We discovered these issues as part of our routine manufacturer quality review and reported our findings to U.S. FDA. As a precautionary measure and in cooperation with the FDA, we are voluntarily recalling all Auvi Q currently in the market.
Will patients have to pay for their replacement medication?
Initially, patients will need to pay for their replacement device. Sanofi US will reimburse patients for the full out of pocket cost when they receive a new epinephrine auto injector.
What should a patient do if the Auvi Q product they have fails to work?
Please immediately call 911 or local medical emergency services for emergency medical attention. Any adverse event that may be related to the use of this product should be reported either to Sanofi US or to FDA’s MedWatch Program.
Do you expect to ultimately reintroduce this product in the U.S.? If so, when?
Our focus right now is on patient safety and resolving the issues. Once our investigation is complete and we have corrected any related issues, we will announce our future plans at a later date.

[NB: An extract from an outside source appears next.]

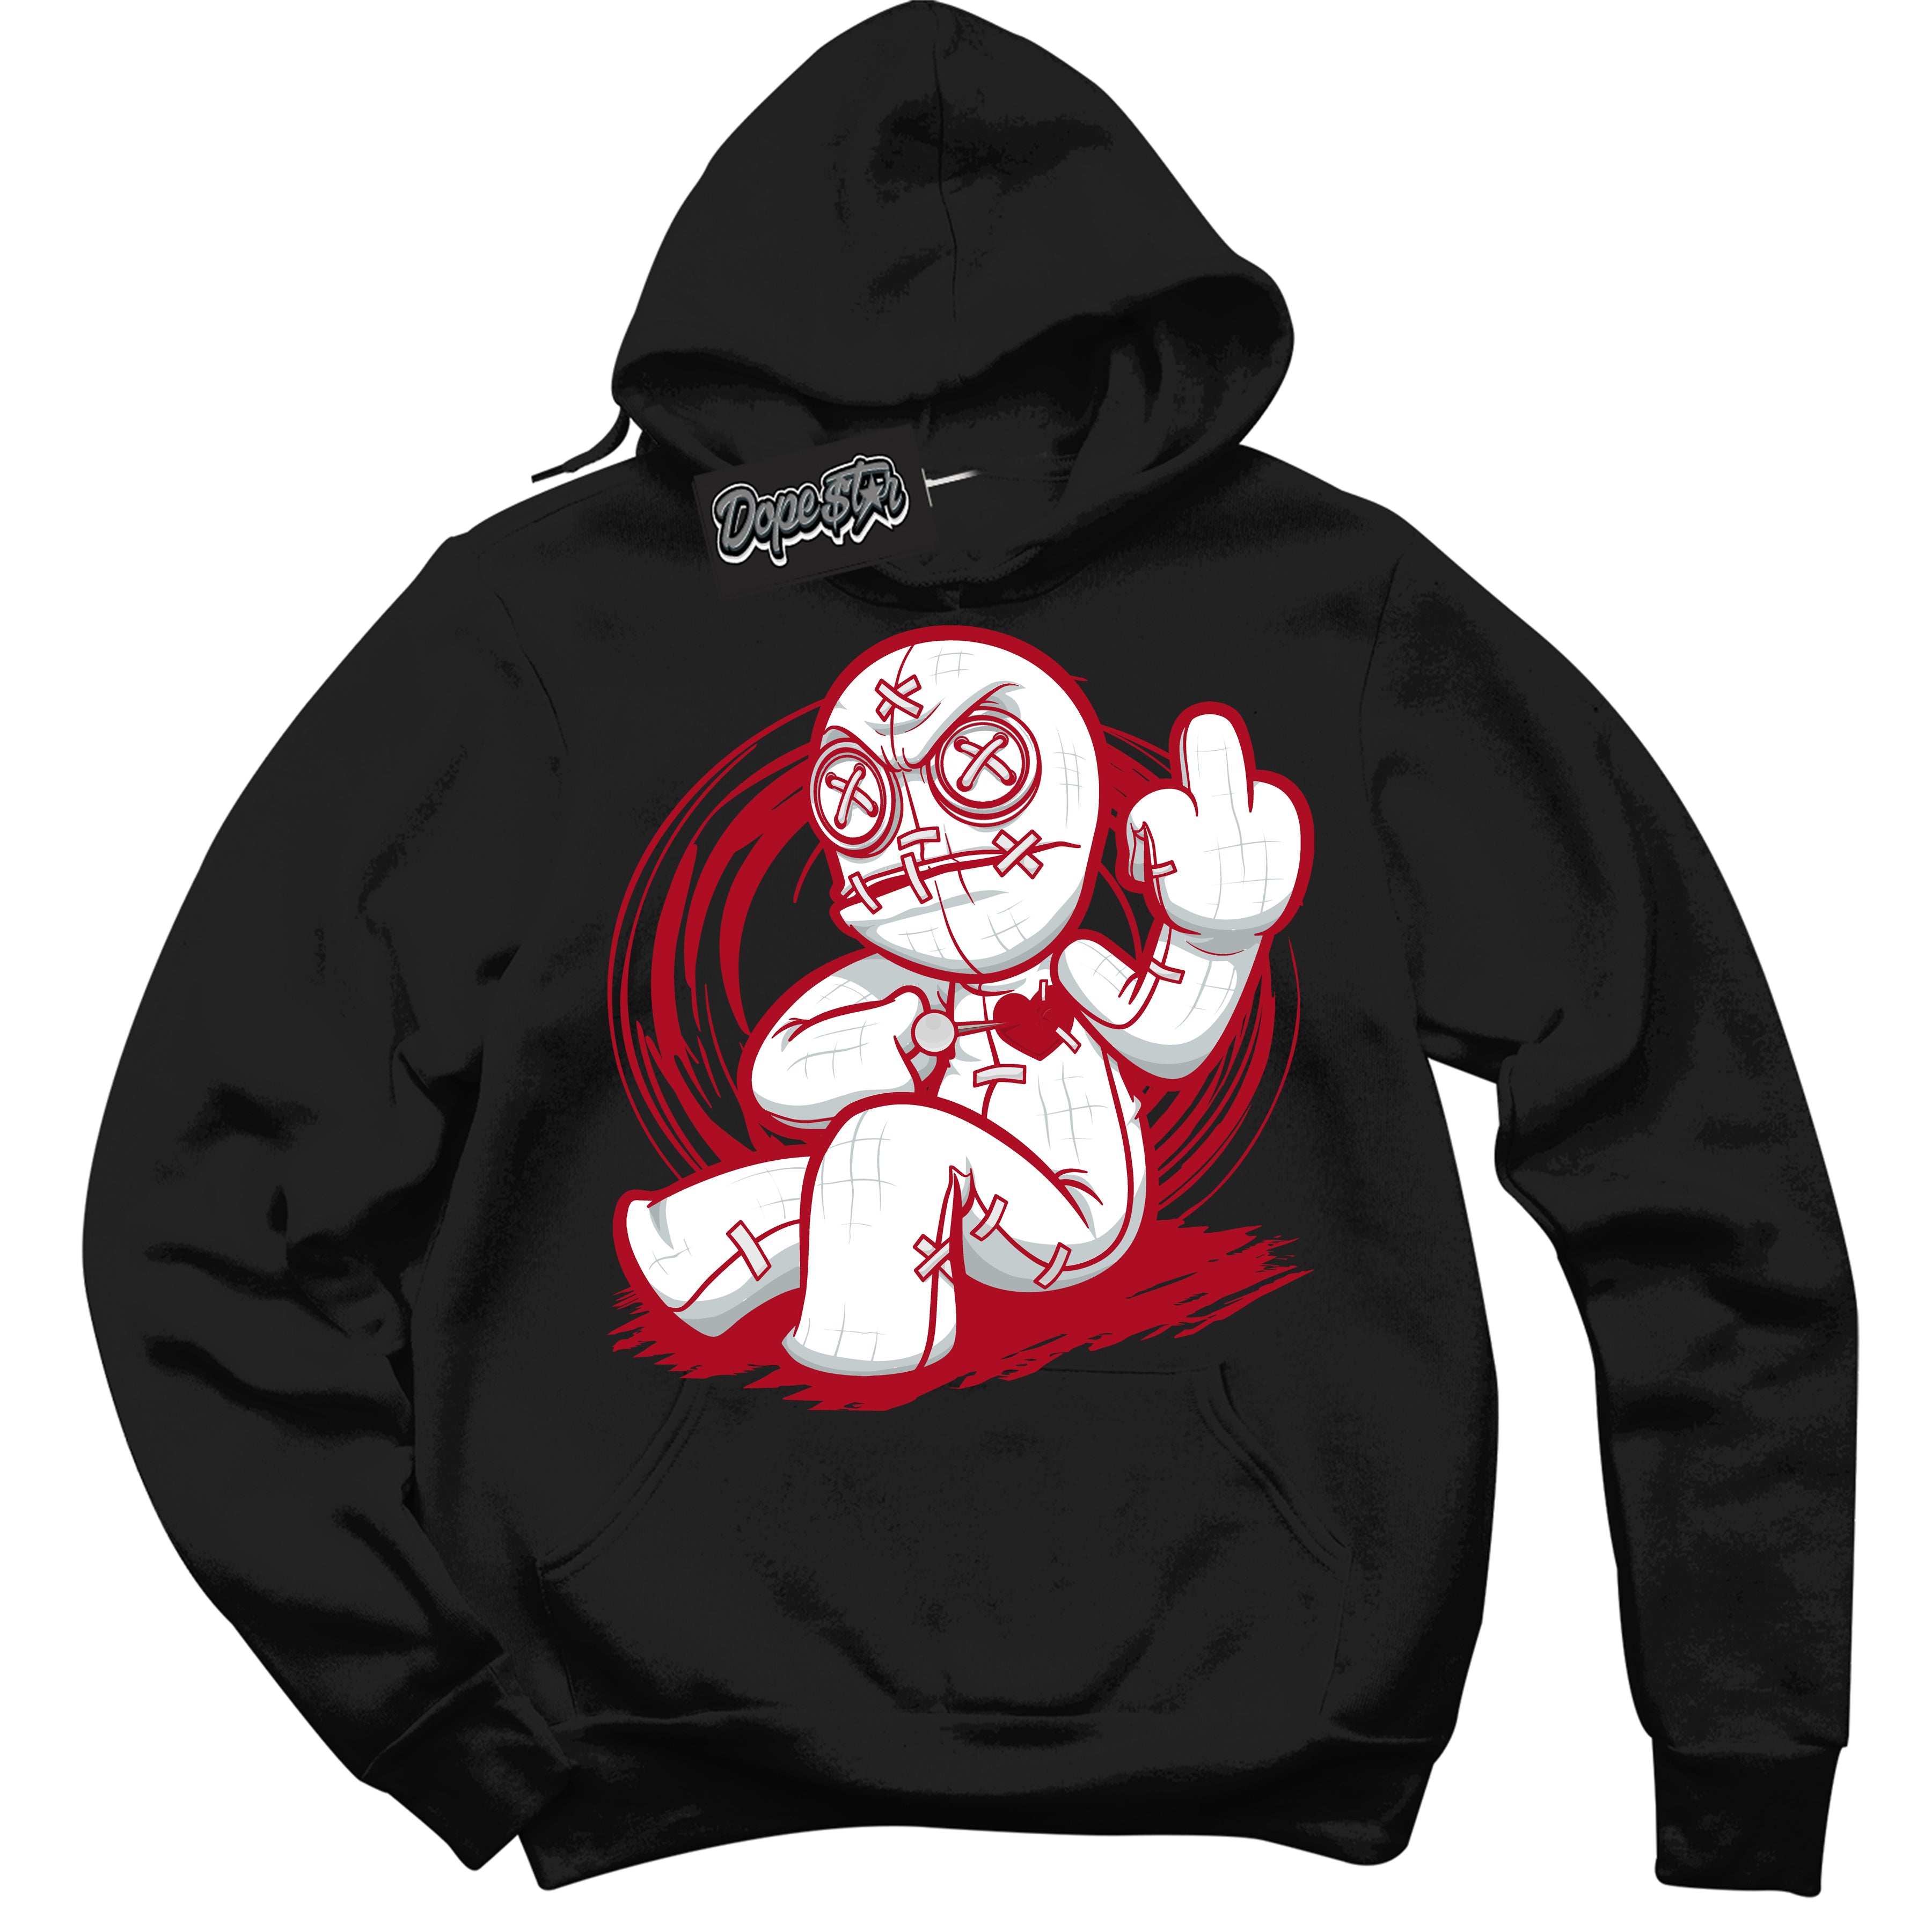 Cool Black Hoodie with “ VooDoo Doll ”  design that Perfectly Matches  Reverse Ultraman Sneakers.

In our conversation this morning with a Sanofi representative, they stressed what I stress: patient safety is paramount. In the event of a reaction, use what you have and call 911. Some epinephrine is better than no epinephrine as you seek to replace Auvi-Q with EpiPen® or Adrenaclick®. The Sanofi representative says that all precautions are the same as those of an anaphylaxis plan, but must be observed with extra vigilance—avoidance, prompt administration of the available medicine, and contact emergency medical services.

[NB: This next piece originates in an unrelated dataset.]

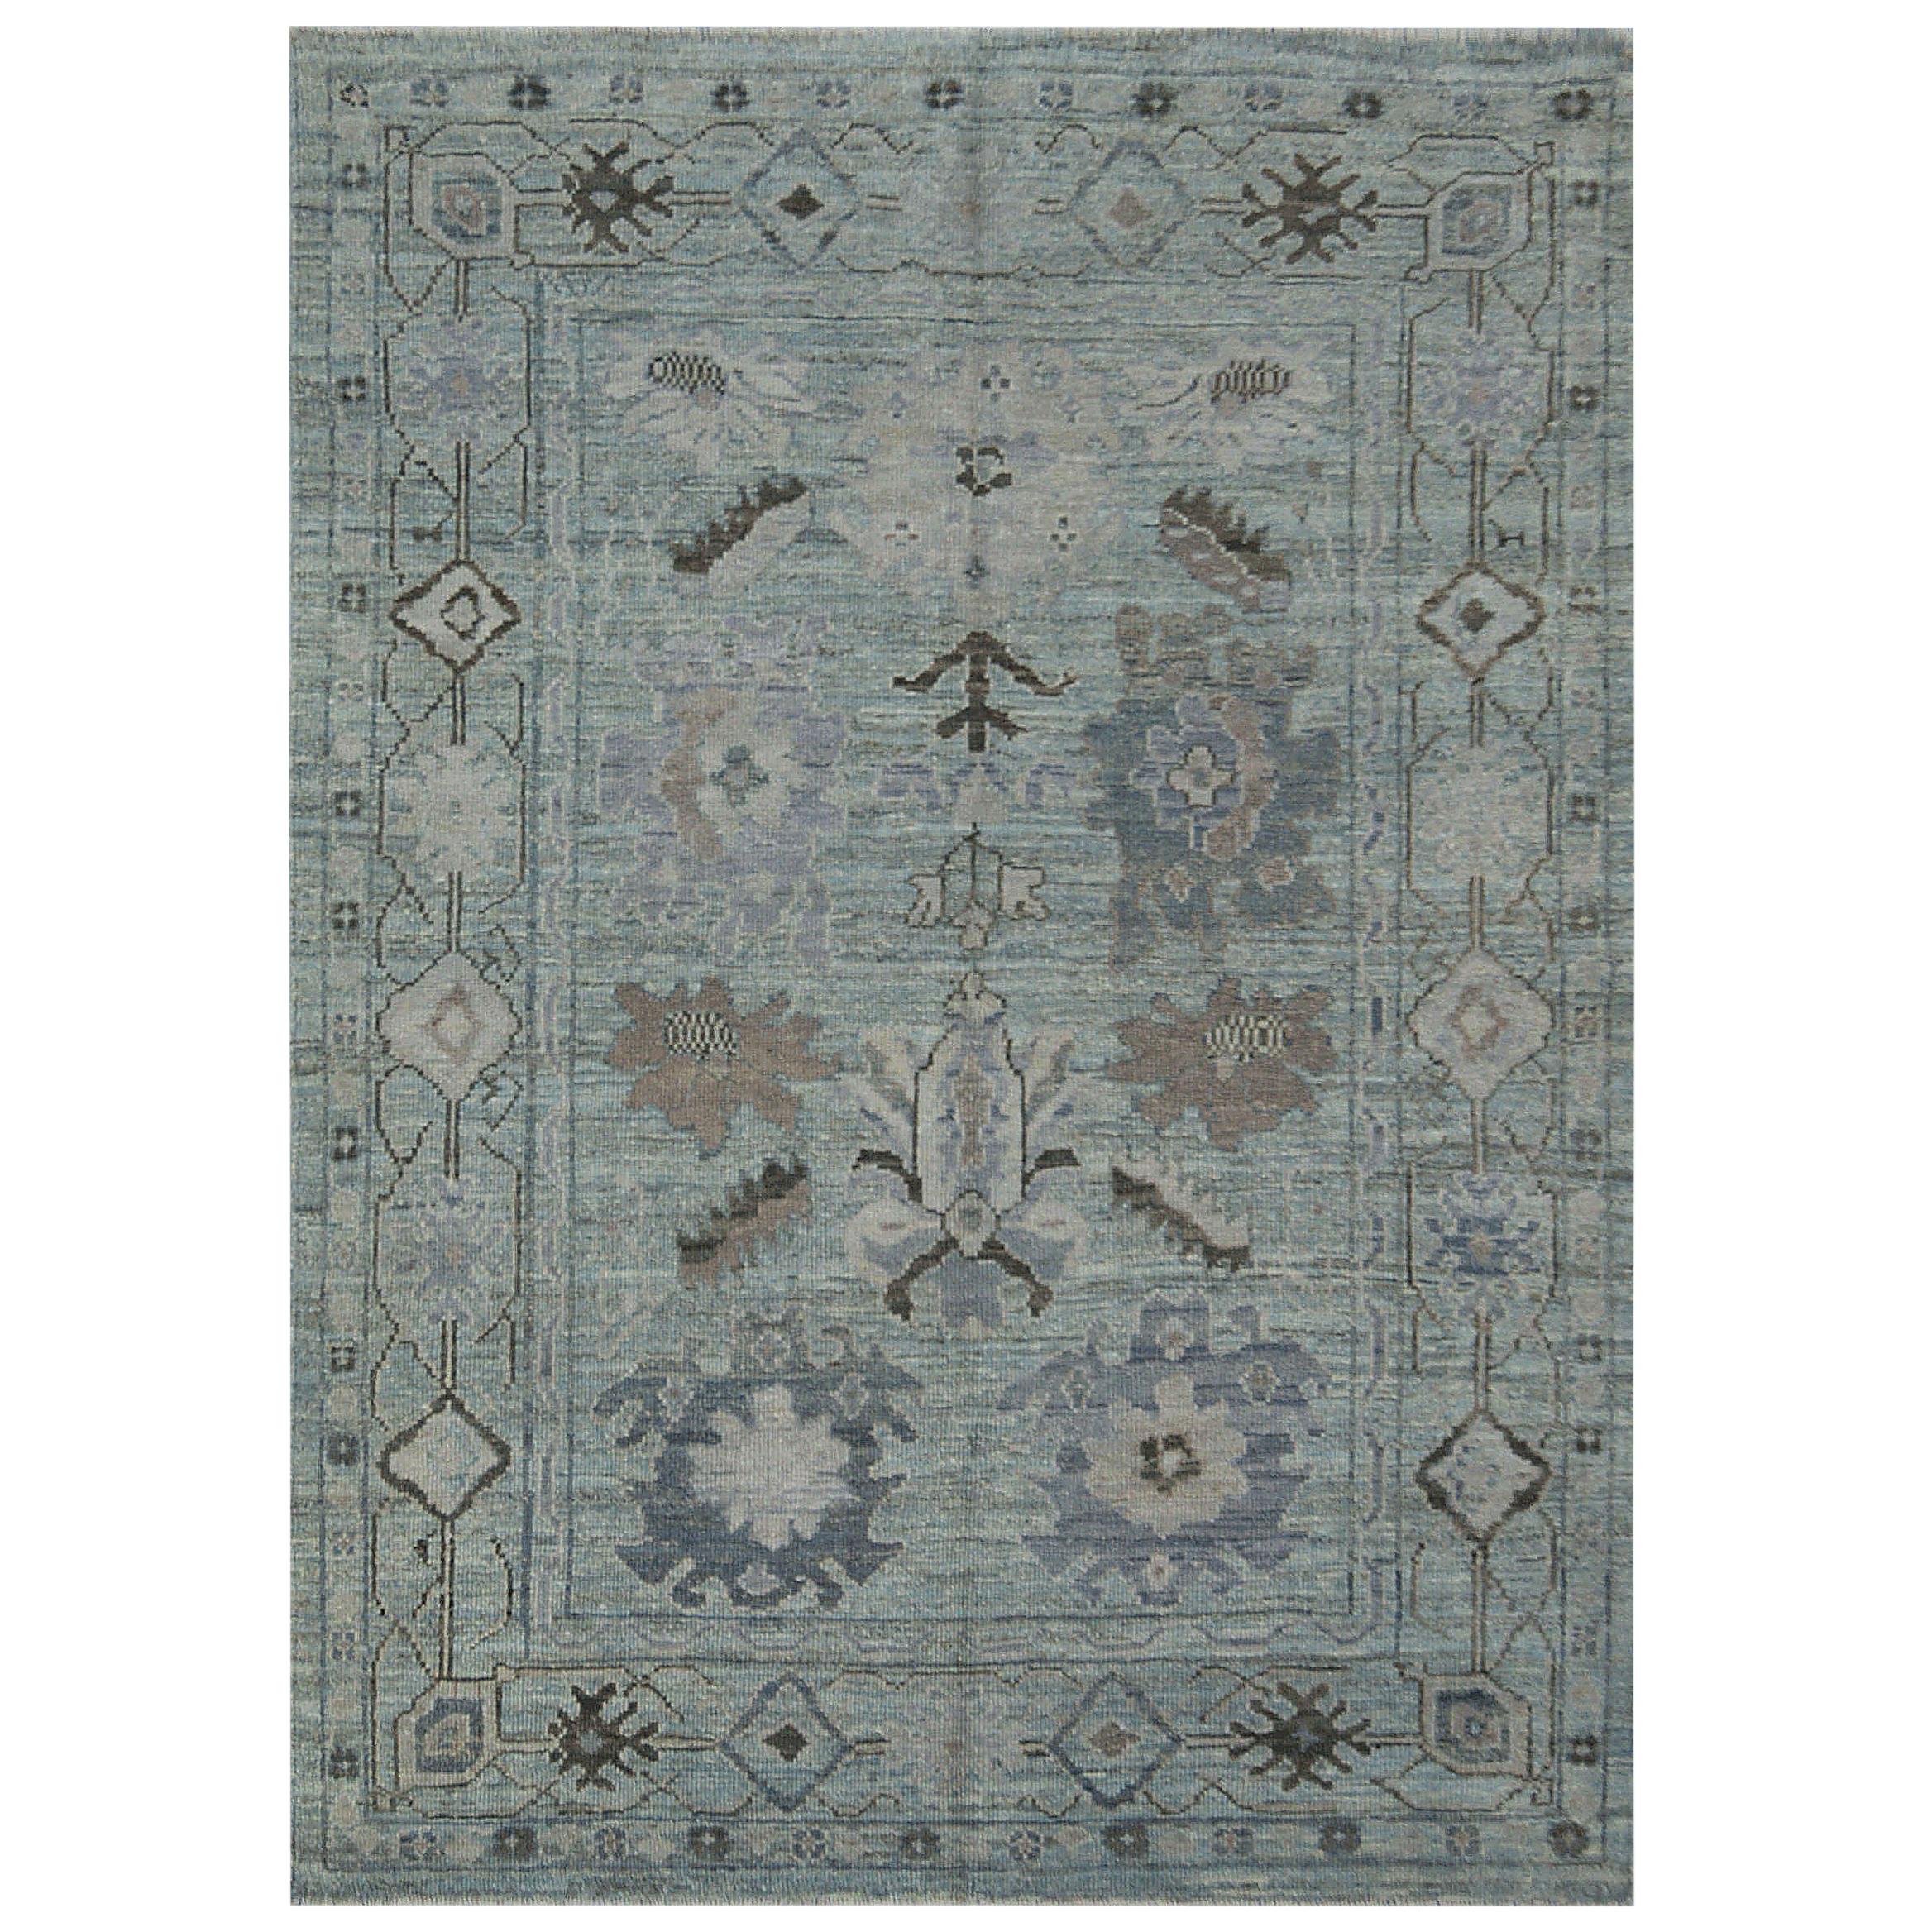 Contemporary Oushak Rug with Blue Field and Floral Patterns in Black and Gray

This last recommendation is very important. Studies have shown that many families omit this step after epinephrine has stabilized the patient. As to the admonition that some epi is better than no epi, I would go a bit further than the company and say that if you have an injector that is shortly past its expiration date but has been stored properly, use it. And again, call 911.
Adverse reactions or quality problems experienced with the use of this product may be reported to the FDA’s MedWatch Adverse Event Reporting program either online, by regular mail or by fax.
• Complete and submit the report Online: www.fda.gov/medwatch/report.htm
• Regular Mail or Fax: Download form www.fda.gov/MedWatch/getforms.htm or call 1 800 332 1088 to request a reporting form, then complete and return to the address on the pre addressed form, or submit by fax to 1 800 FDA 0178
Afternoon update from Sanofi email:
1) The Sanofi US voluntary recall includes ALL Auvi-Q® (epinephrine injection, USP) devices currently in the market.
2) Periodically callers were experiencing difficulty getting through (866-726-6340), so a second line has been added (877-319-8963).